Monday 29 September 2014

Hearing and Following God's ridiculous Requests

Has God ever asked you to do something you thought was a bit odd or strange or just not logical?  Did you have the courage to do it or did you chicken out?  When God asked you did you get angry or excited? I have been going through a long period this last 3 years of God asking me to do some frustrating things.  In the past I would get angry or fearful or say bitterly "another character developing opportunity"  when God asked me to go through difficult situations.  Because of my attitude these situations where extra unpleasant and though I did develop character I also developed doubt and bitterness.  In the last three years I have embraced a new attitude.  One of faith in God, knowing He loves me.  I was eagerly waiting to see what cool things Jesus did in the midst of the Chaos to sustain me and make good come out of bad. 

This three year period started out with a very unfortunate incident.  I was walking across the road and I was struck by a truck.  Do not under an circumstances try to take on a truck on foot - it does not go well!  I was J walking and he failed to stop or look before he turned out in front of me.  I broke my leg at the femur - like right in half so it was dangling at a strange angle when I tried to lift it up.  I also re injured a concussion that I had gotten a year previously from being tossed off a horse head first when it fell in a hole at a gallop.  Now this accident was not God's fault but human error, but for the last three years God has been making good come out of it.

I have learnt so many things!  For instance, how to hear God even in demanding situations.  Just like the sermon last week about how to learn good discernment: God has been teaching me to listen carefully, be alert, surrender and trust God for victory.  Because of the leg and the concussion I have had to be very still for very long periods of time.  It is amazing how much easier it is to hear God when you are still and quiet.  I am a very goal oriented person and I like to get stuff done - I do not like to rest.  However God has taught me to rest and actually enjoy it and benefit from it. 
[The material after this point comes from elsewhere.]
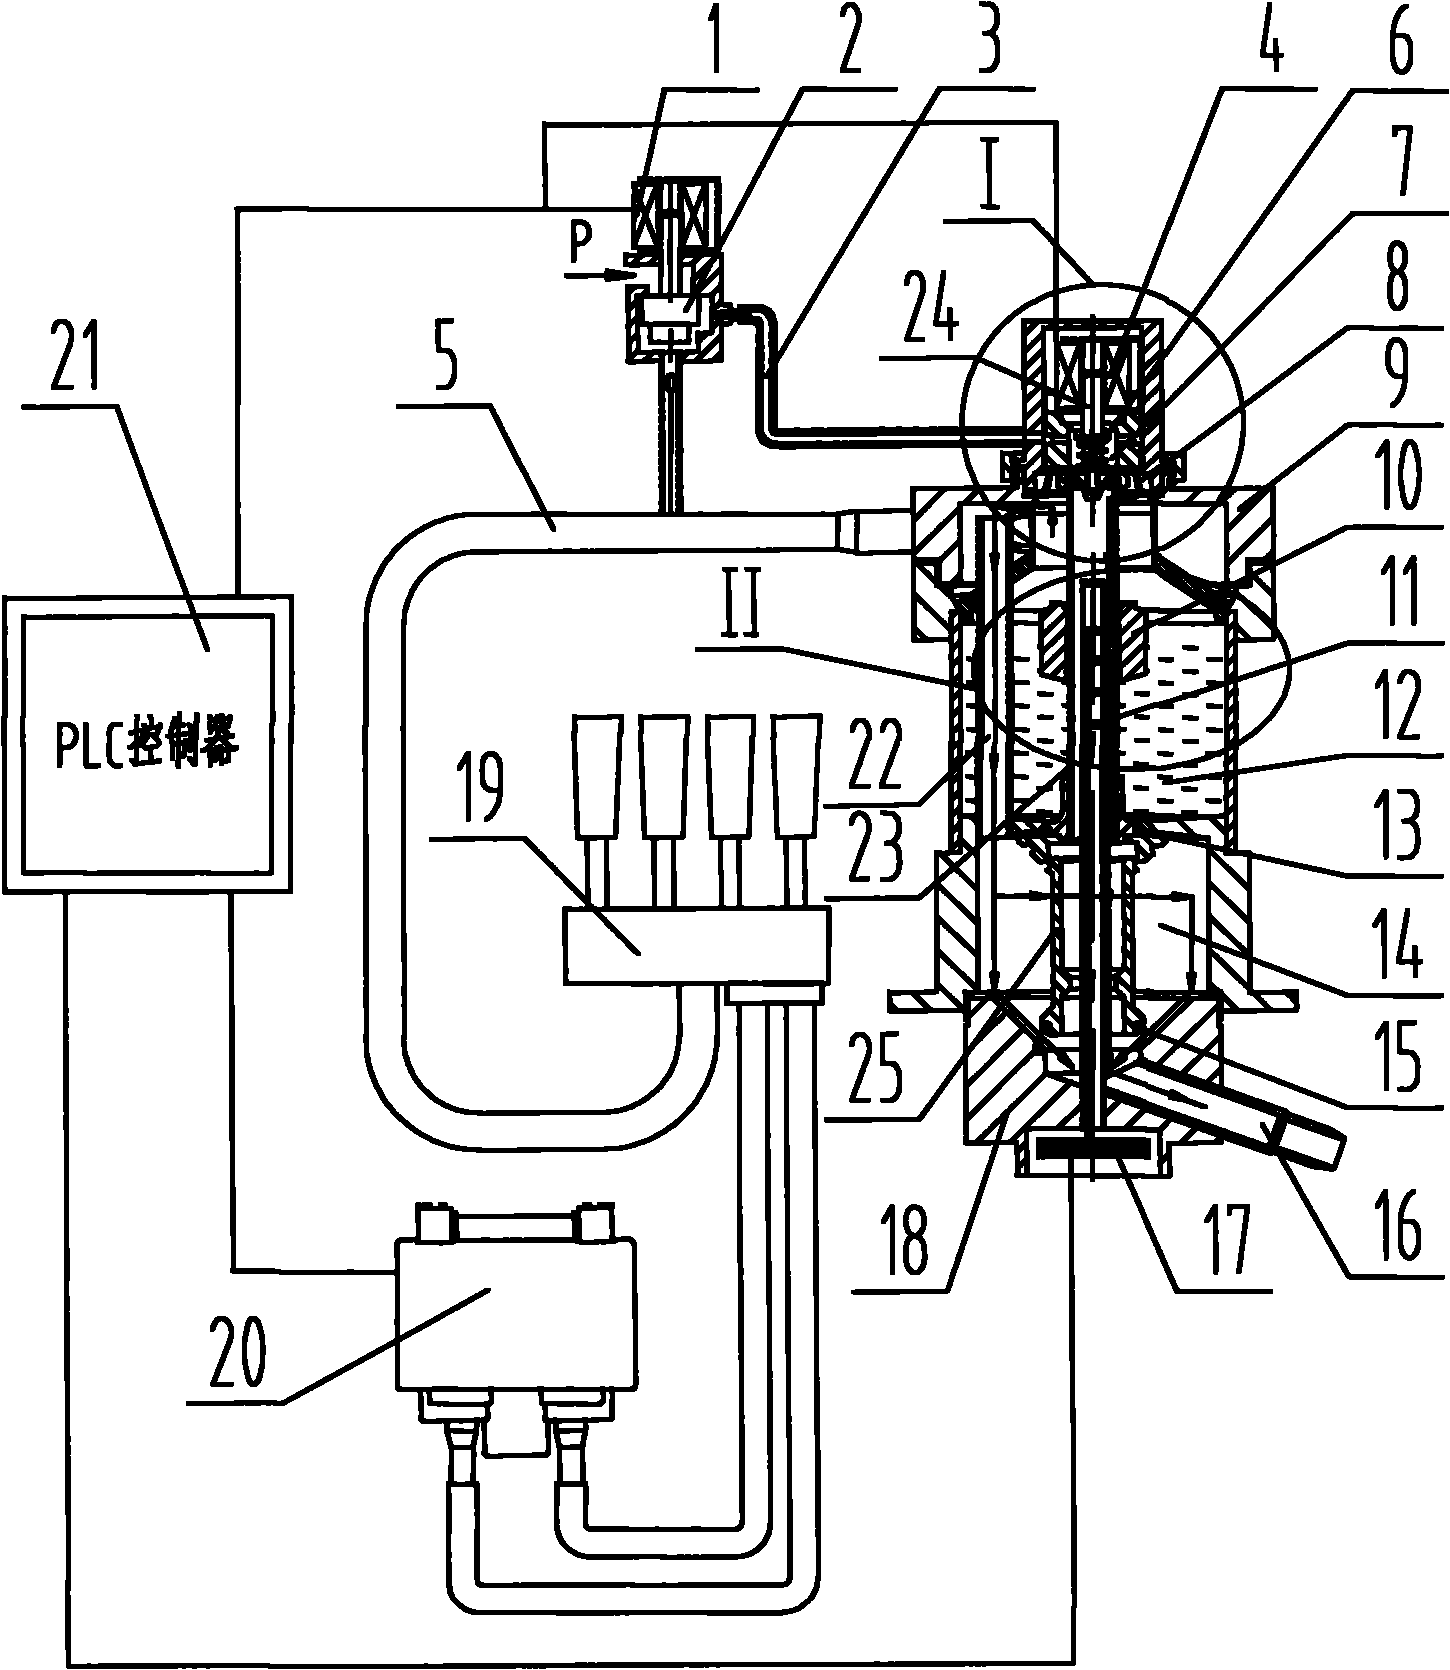 Electronic metering device for milking in constant volume

With my concussion I have progressed to only needing quiet rest about 4 times a day for about an hour a time.  Right after the accident I pretty much rested 24 / 7 .  If I do not rest I get headaches of epic proportions that make any kind of any activity debilitating.   Reading quietly or watching TV or even talking on the phone with my eyes closed do not count as rest.   I must ,make like a mushroom, and spend lots of time in a dark quiet bed doing nothing.  At the start this was very frustrating and boring, but I got better at it and if resting were an Olympic sport I would now so get gold!  I discovered that the quiet worked really well for listening to God and if I surrendered to Him he would give me peace and joy.  Because I did not have my brain cluttered with all my busy plans I found I could be alert to hear God's voice and hear Him better than ever before.  He has been very clear that He wants to me to keep resting as much as I need to and give my list of things I need to get done to Him.  I have learnt to trust Him for victory over my anxious heart and He has calmed me down so much.  It is very hard to get anything done when you need to rest as often and as long as me.   However, I have seen God do supernatural things to my heart and to my schedule and He has come through.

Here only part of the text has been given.